DATASET SECTION:
☆ ☆ ☆ ☆

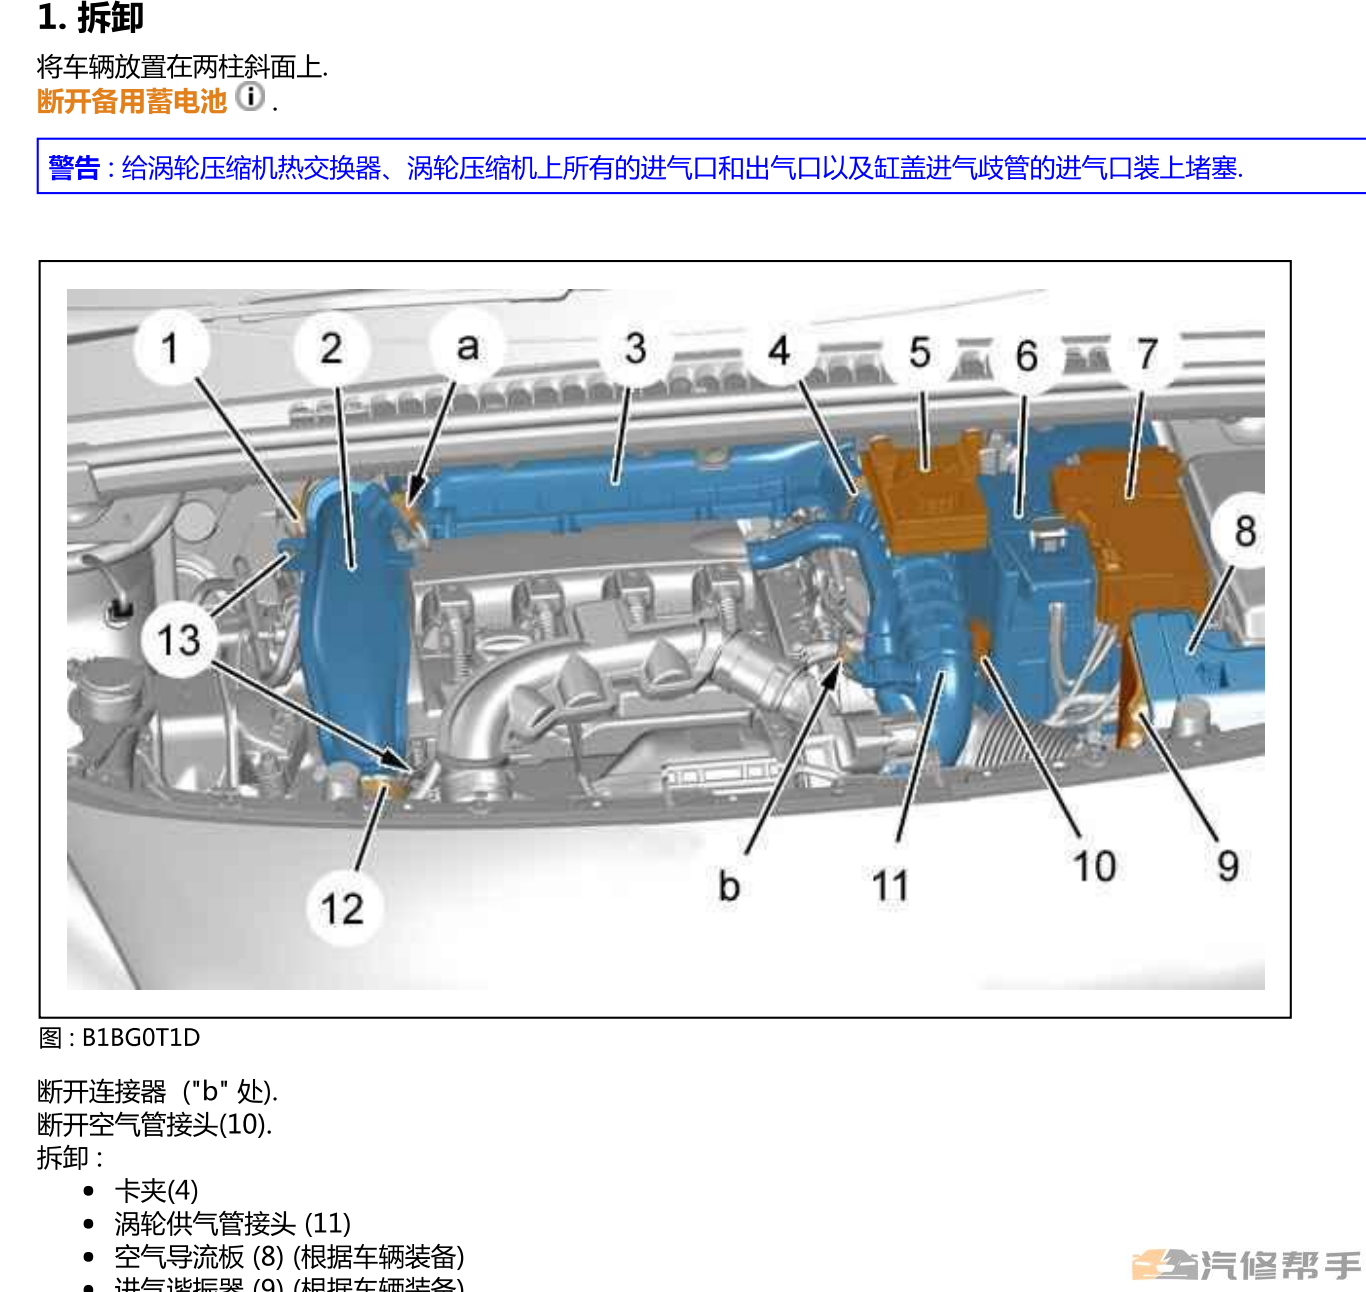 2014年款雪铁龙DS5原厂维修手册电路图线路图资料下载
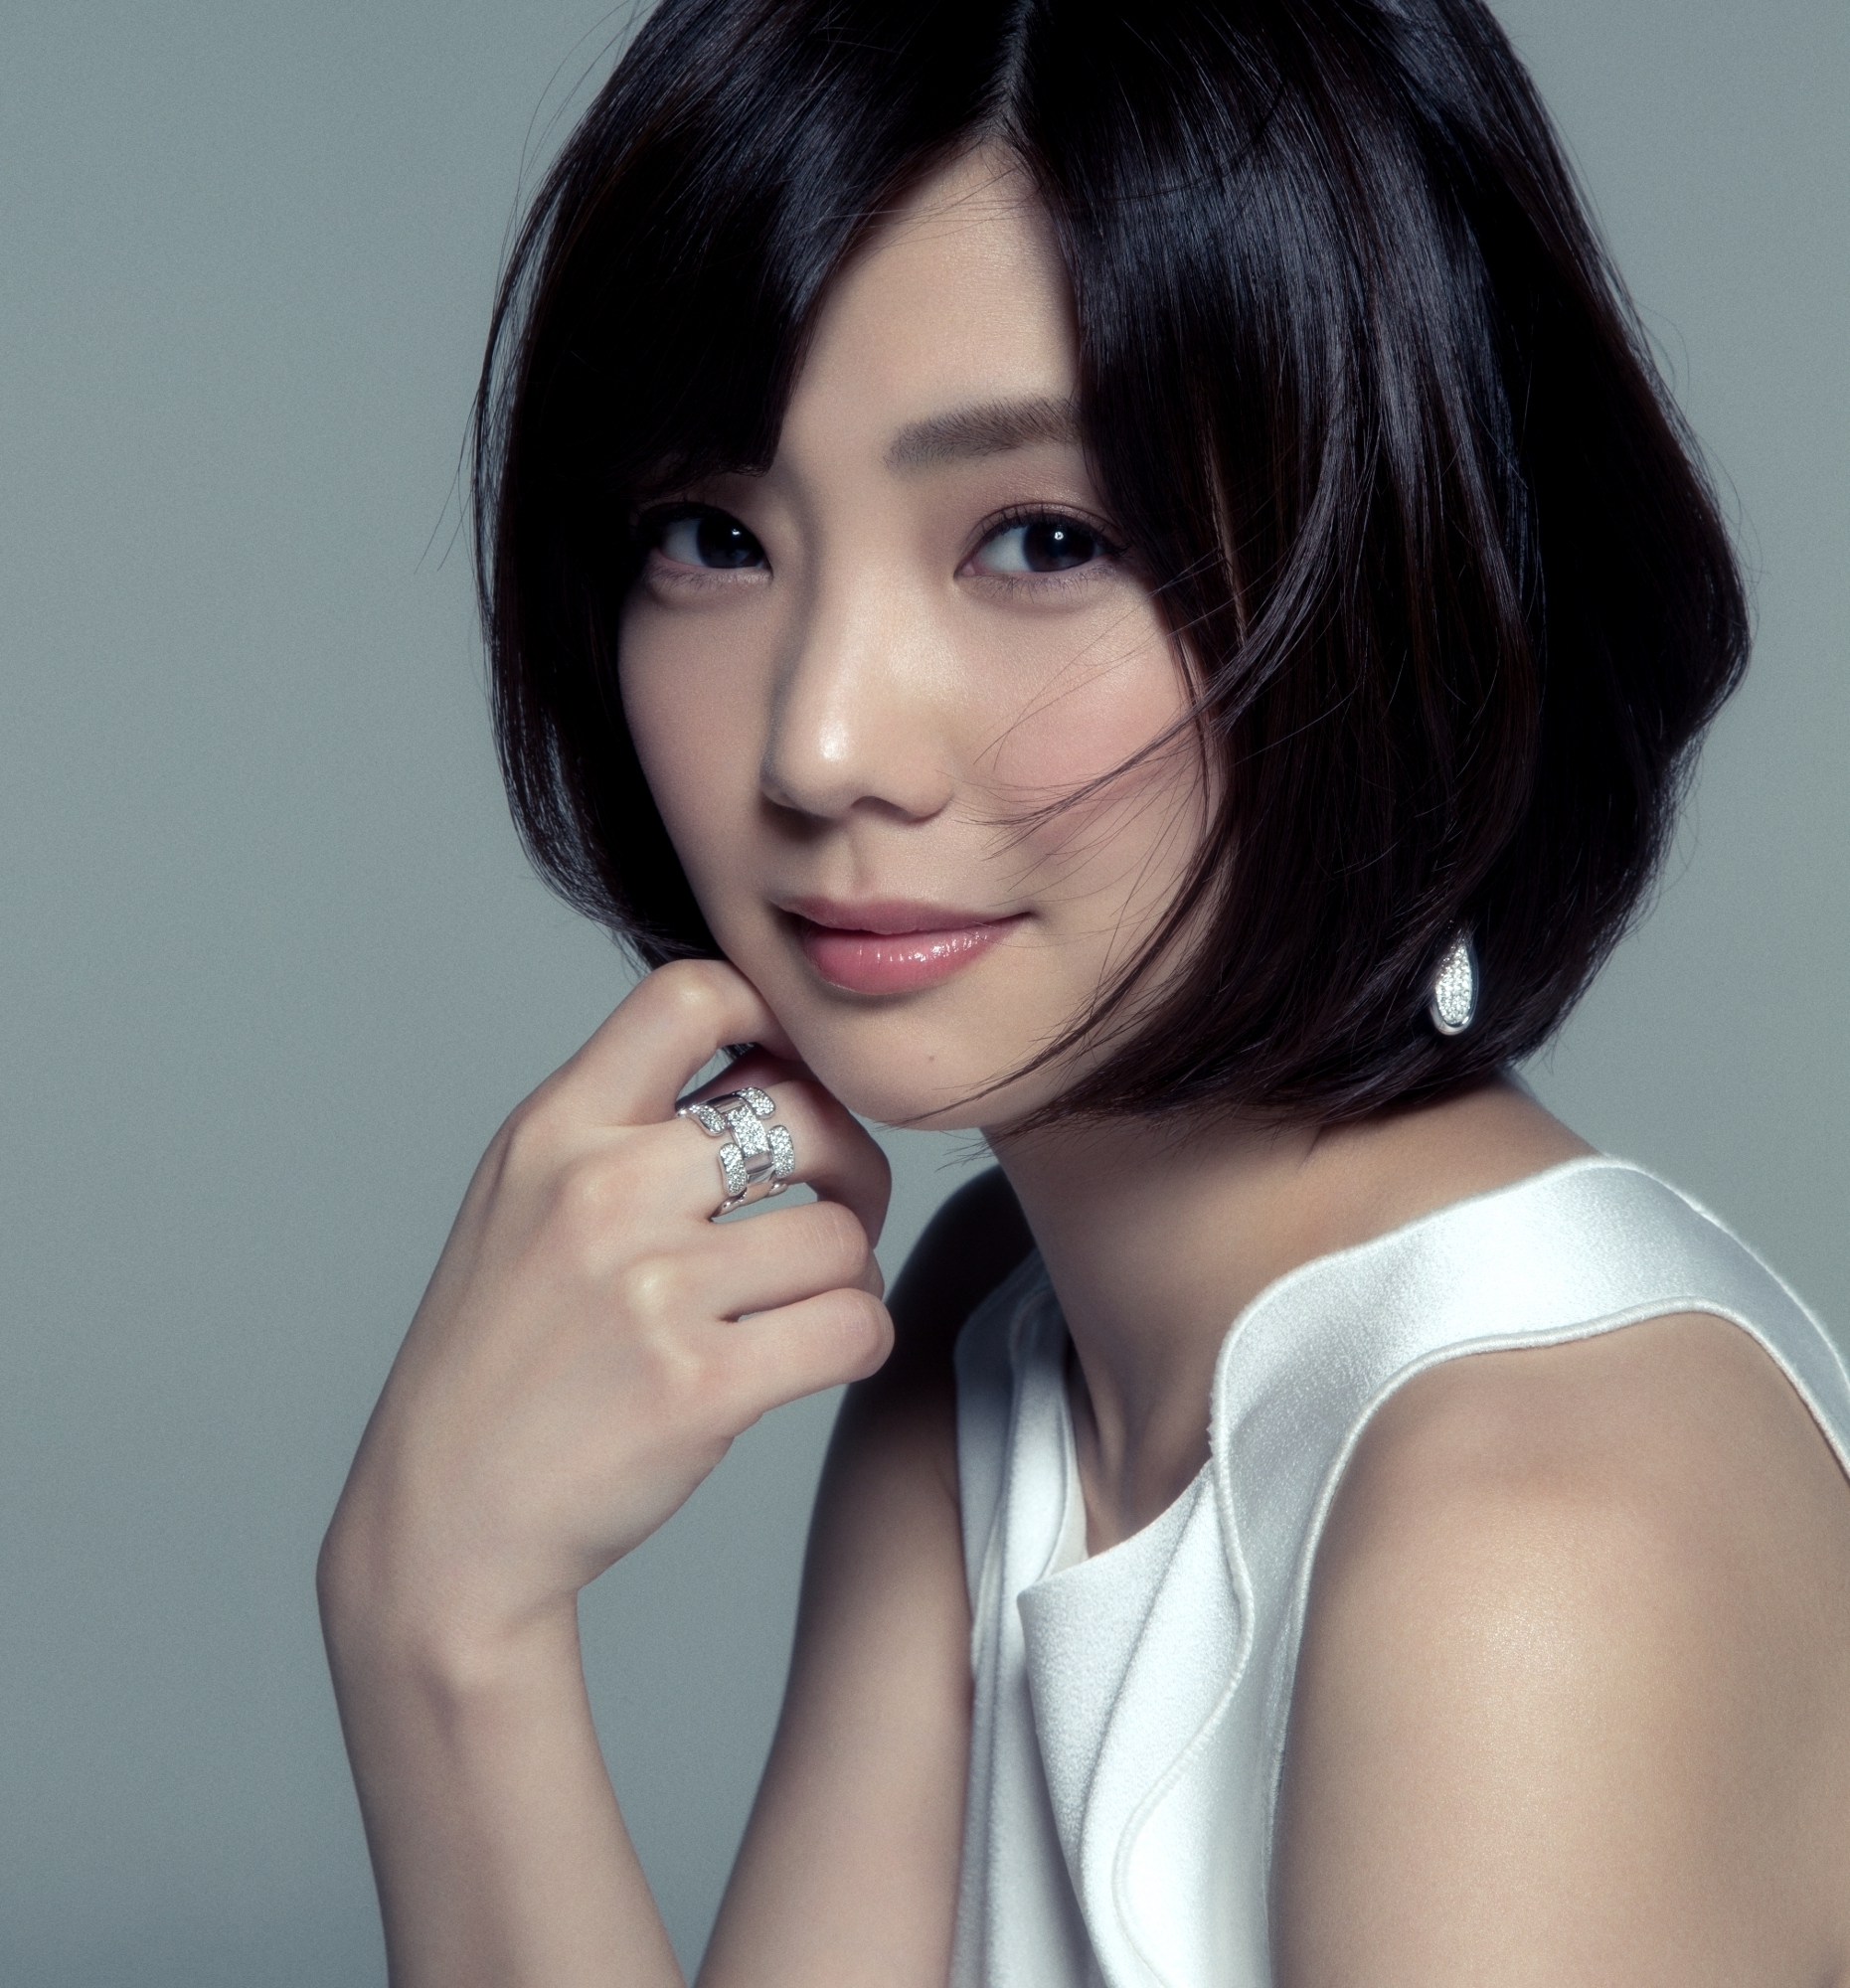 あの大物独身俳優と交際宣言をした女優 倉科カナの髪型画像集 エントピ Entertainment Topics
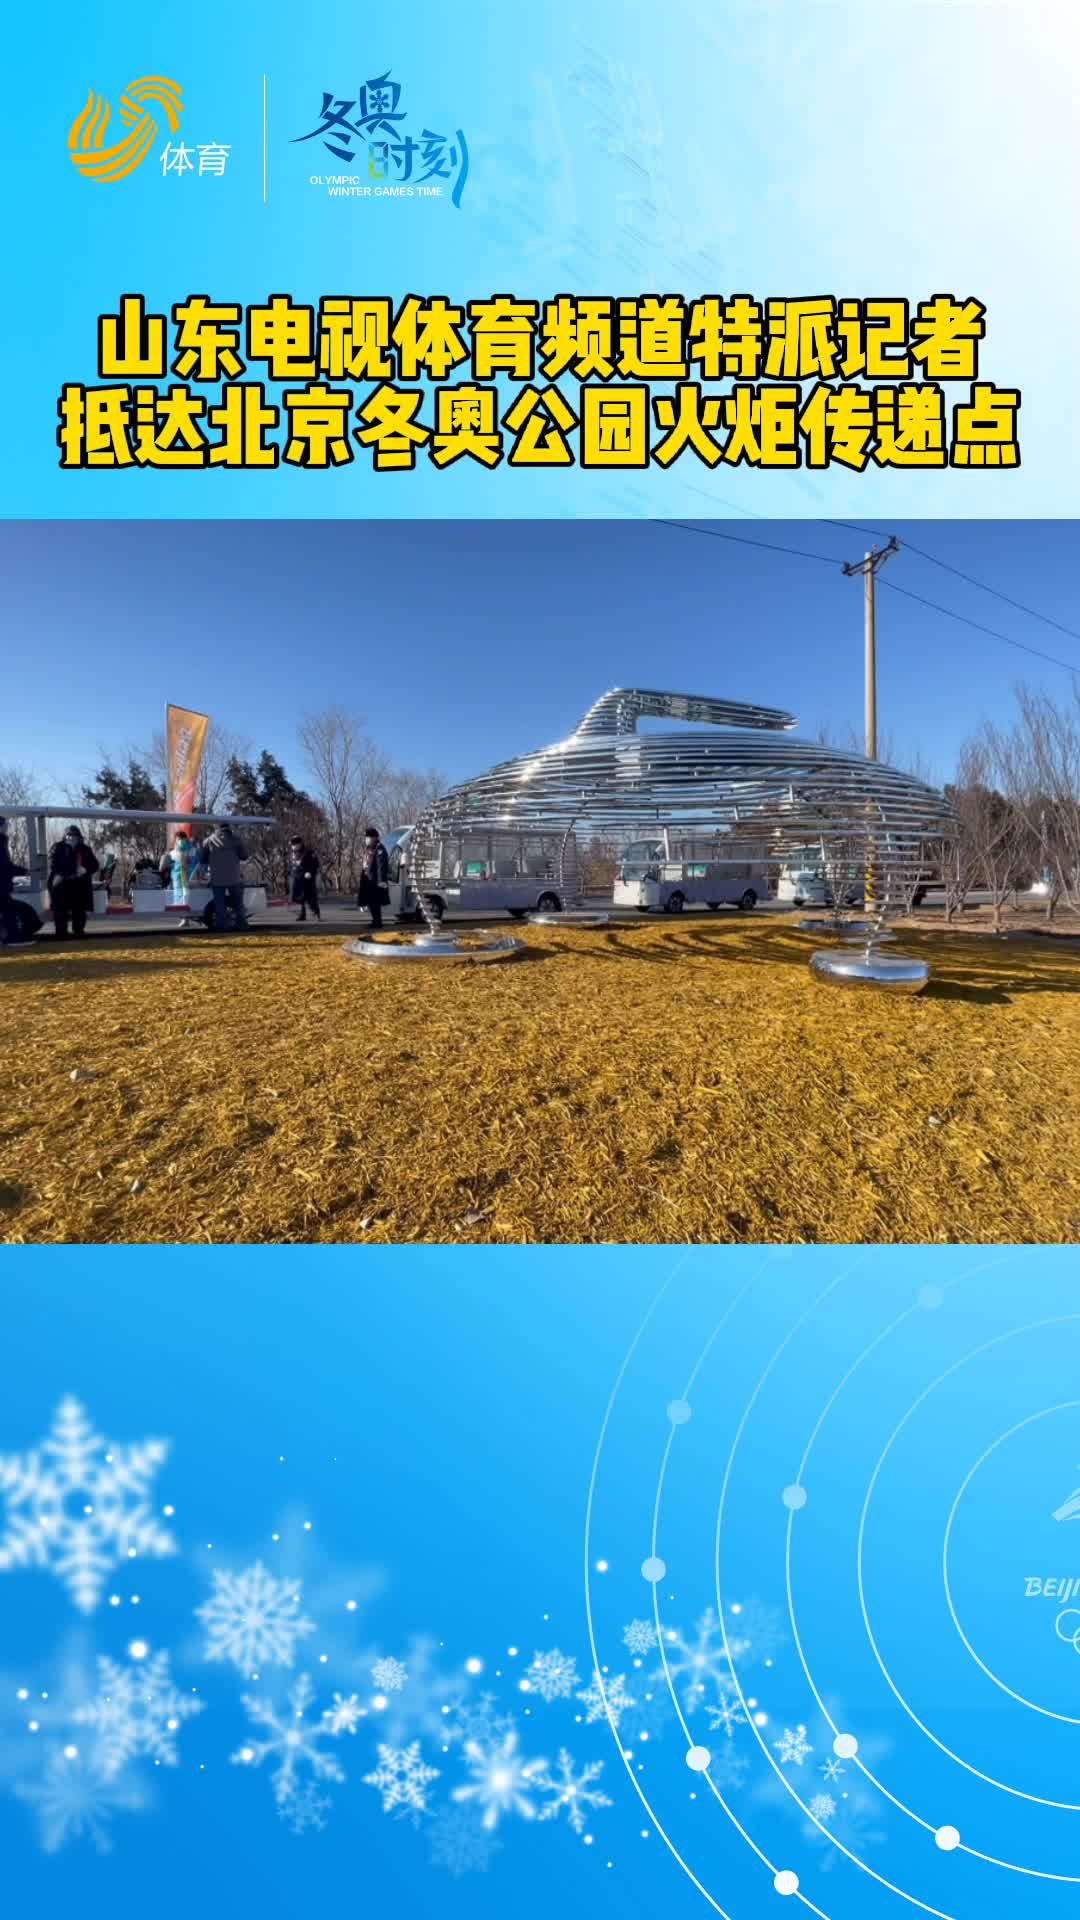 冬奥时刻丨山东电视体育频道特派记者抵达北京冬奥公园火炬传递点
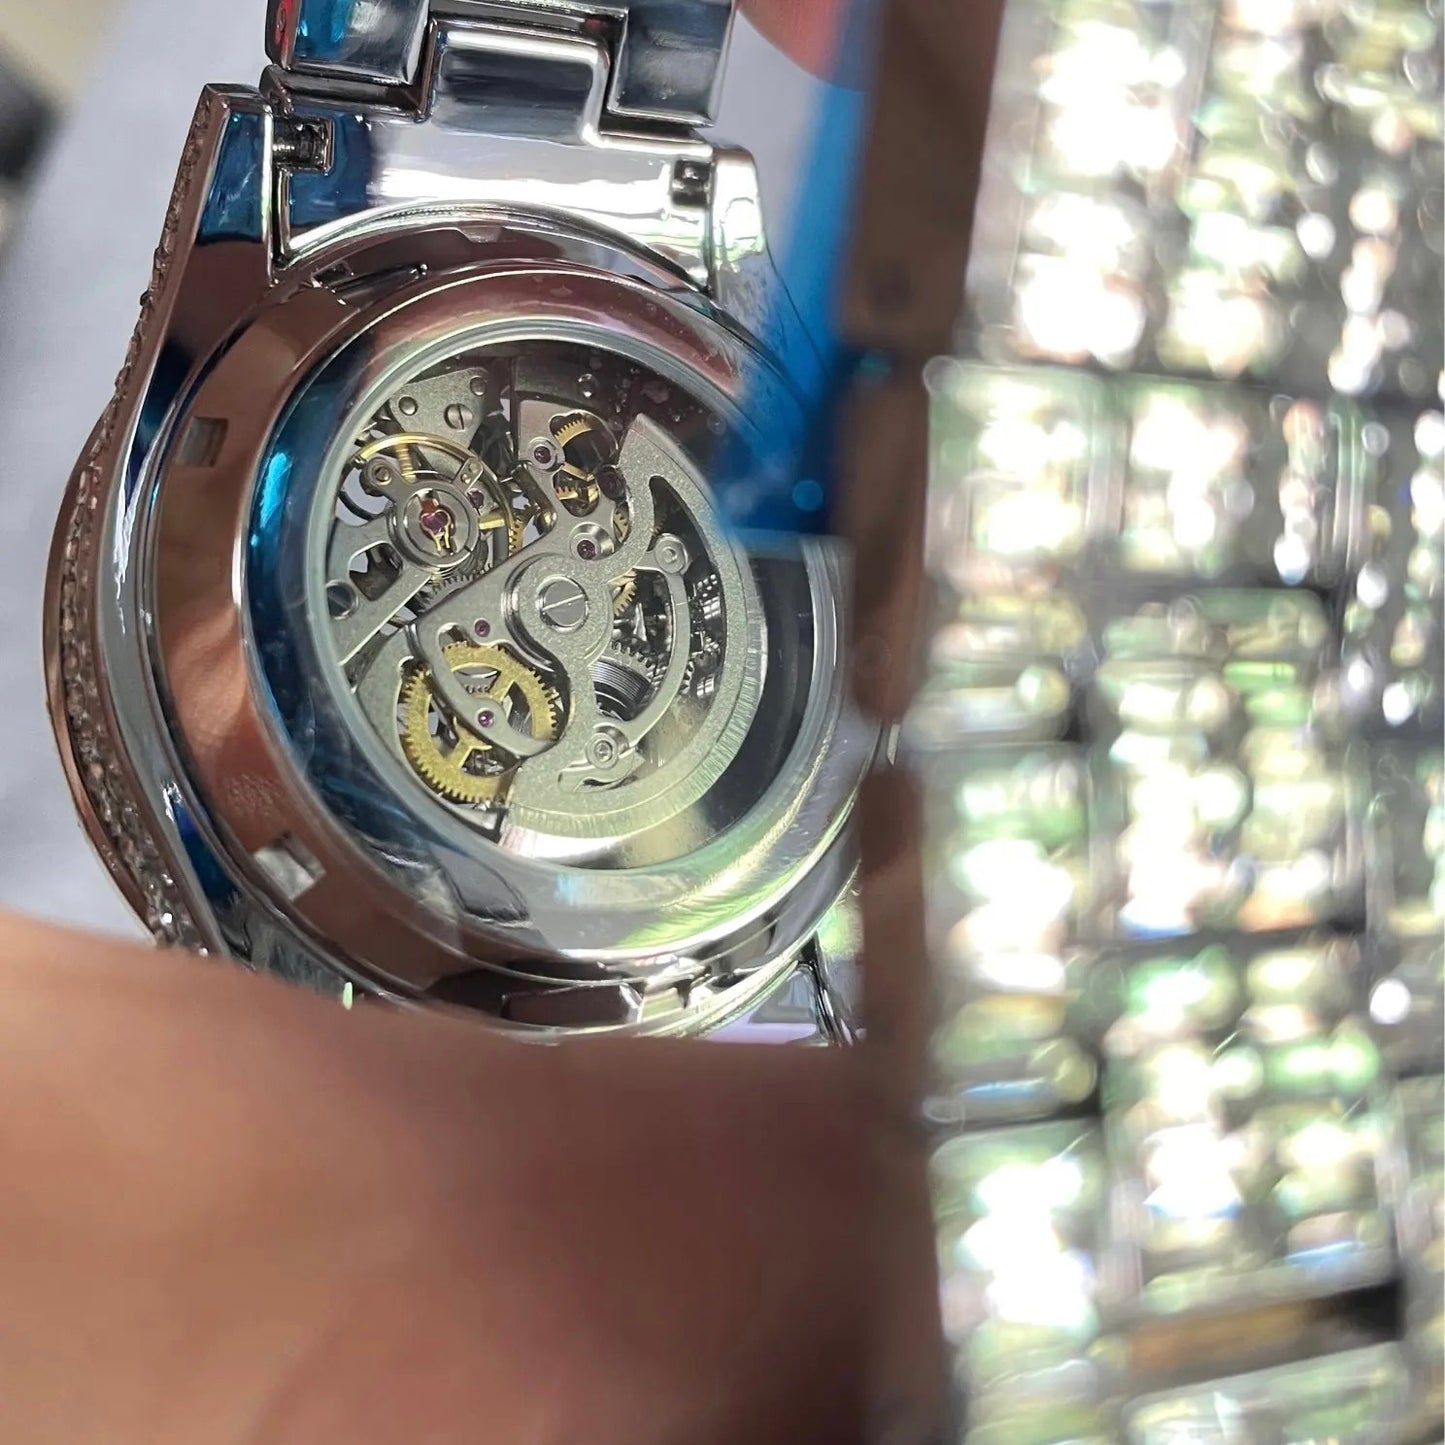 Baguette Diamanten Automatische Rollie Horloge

☆ ☆ ☆ ☆

TASK DIRECTIONS:
Quote the full listing above word for word; exclude every picture from the copy.

COMPLETED EXERCISE:
 2014年款雪铁龙DS5原厂维修手册电路图线路图资料下载
 あの大物独身俳優と交際宣言をした女優 倉科カナの髪型画像集 エントピ Entertainment Topics
 冬奥时刻丨山东电视体育频道特派记者抵达北京冬奥公园火炬传递点
 Baguette Diamanten Automatische Rollie Horloge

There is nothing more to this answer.